Despite being incomplete from the point of view of technical realization, in general, this work shows that development of the method of laser–electron radiotherapy based on relativistic self-trapping of high-intensity light pulse is promising. The study corroborates the possibility of using commercially available femtosecond lasers [22, 23], which simplifies transition from the calculation–theoretical stage of development of the new method of radiation therapy to the experimental and technological stages.

Development of laser–electron therapy of deep regions has objective prerequisites since it demonstrates certain advantages relative to traditional methods, and the number of these advantages can increase with accumulation of new data. For example, the small size of the setup, its much lower and gradually decreasing cost, and the possibility of using commercially available lasers represent important advantages of the laser–electron therapy relative to the hadron one. It should also be noted that these advantages are preserved also relative to traditional electron accelerators of the 100–250-MeV class that enable deep radiation therapy. Demonstrated focusability of a non-monoenergetic electron beam by quadruple magnetic lenses [8, 24] indicates the possibility of localization of the absorbed dose for laser-accelerated electrons, which could probably compete with the Bragg peak of protons/ions. The spider-like scheme of parallel splitting of the laser beam would allow treatment of patients in several therapeutic rooms simultaneously thereby reducing occupation time of the irradiation setup per session, which is impossible from practical point of view for charged-particle beams. Evolution of a number of physical processes accompanying propagation of VHEE electron bunch in a tissue also offers several advantages, such as relatively low scattering in air and biotissues determined by factor \({{E}^{{ - 2}}}\), weak sensitivity to inhomogeneities (regions of bone tissue) [25], dosimetric advantage relative to classical sources related to somewhat lower damage of healthy tissues while retaining therapeutic effect in the affected area, which was noted in a number of studies on dosimetry for short VHEE bunches. Finally, we note that the FLASH effect that ensures orders of magnitude higher rate of dose deposition relative to that achieved so far with traditional sources is guaranteed with a laser source, which can have an impact at the stage of chemical transformations in cells. This does not exclude the possibility of enhancing positive effects of the FLASH phenomenon, although this requires further analysis.

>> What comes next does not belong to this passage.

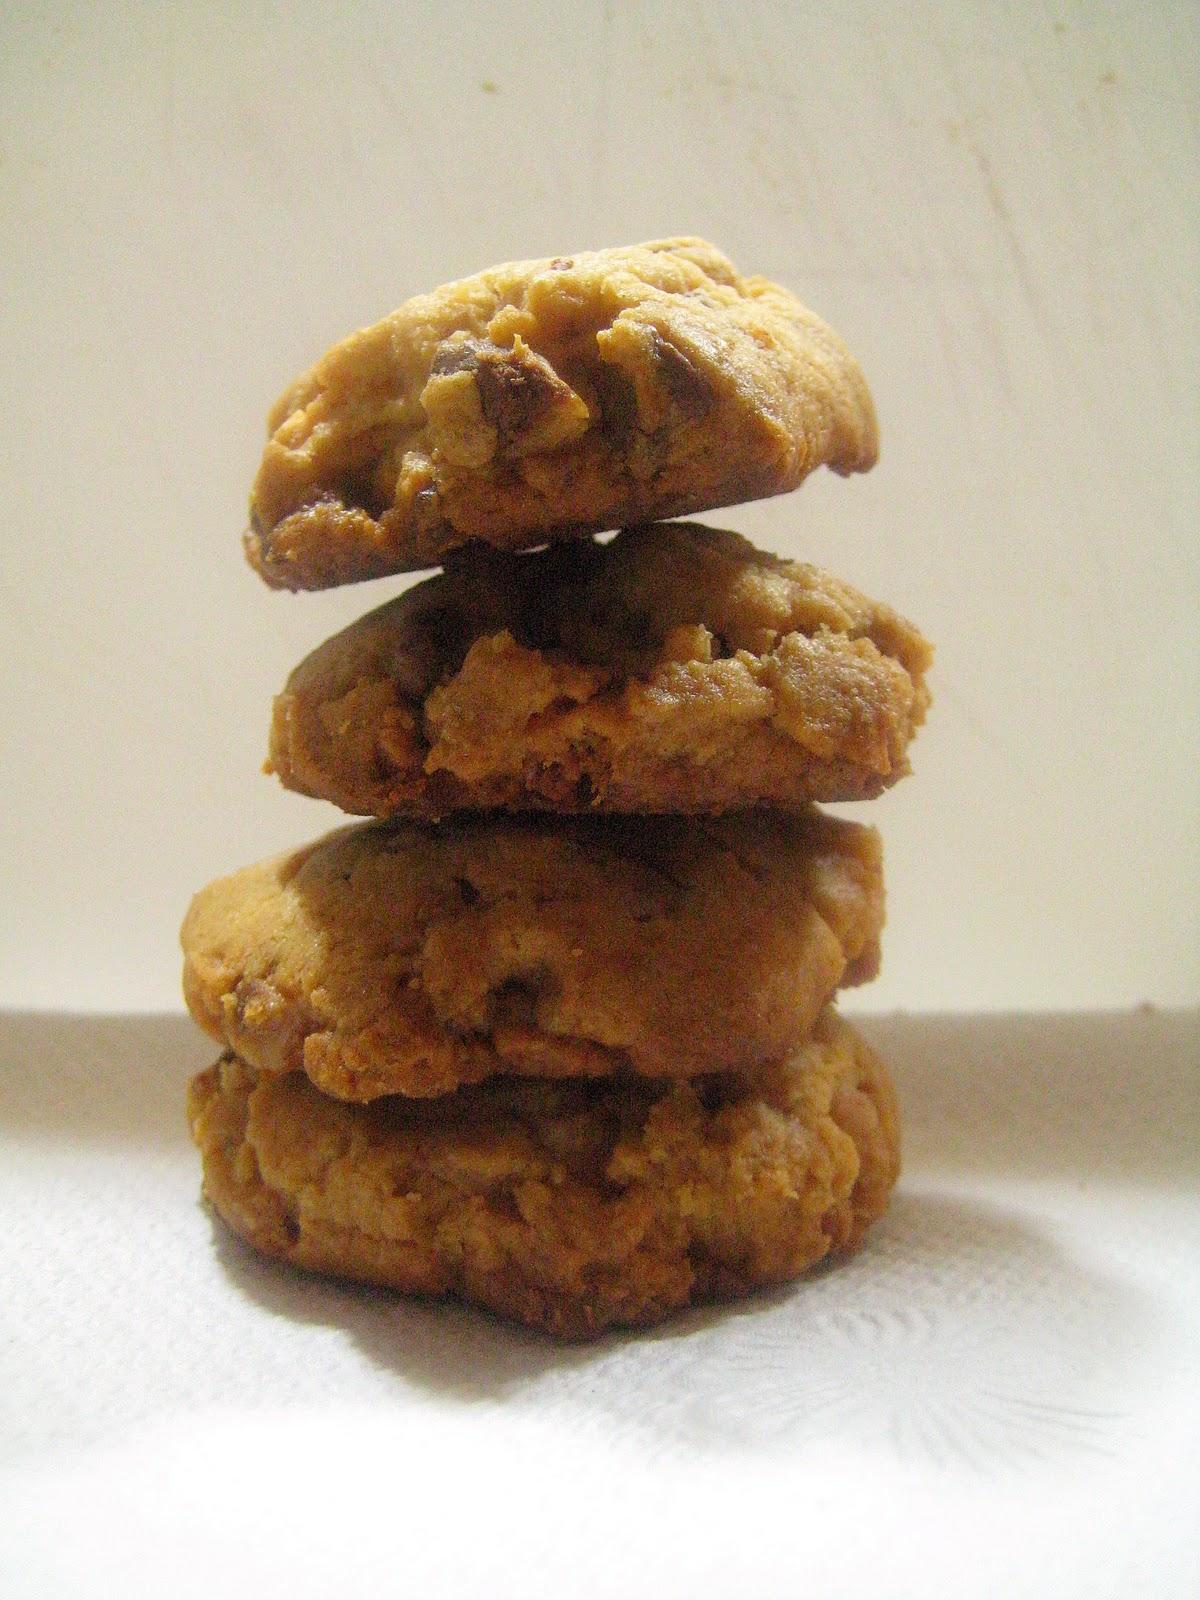 Bitchin' Kitchen: Peanut Butter Toffee Cookies

As a final note, we should mention one more possible variant of the laser FLASH radiotherapy. The fact is that, in addition to VHEE, the laser electron source creates much more electrons accelerated to moderate energies in the 5–20-MeV range. Their bremsstrahlung radiation can produce a record flux of photons of therapeutic energies [26]. Estimating the prospects of such a method relative to traditional gamma therapy represents an interesting and important task.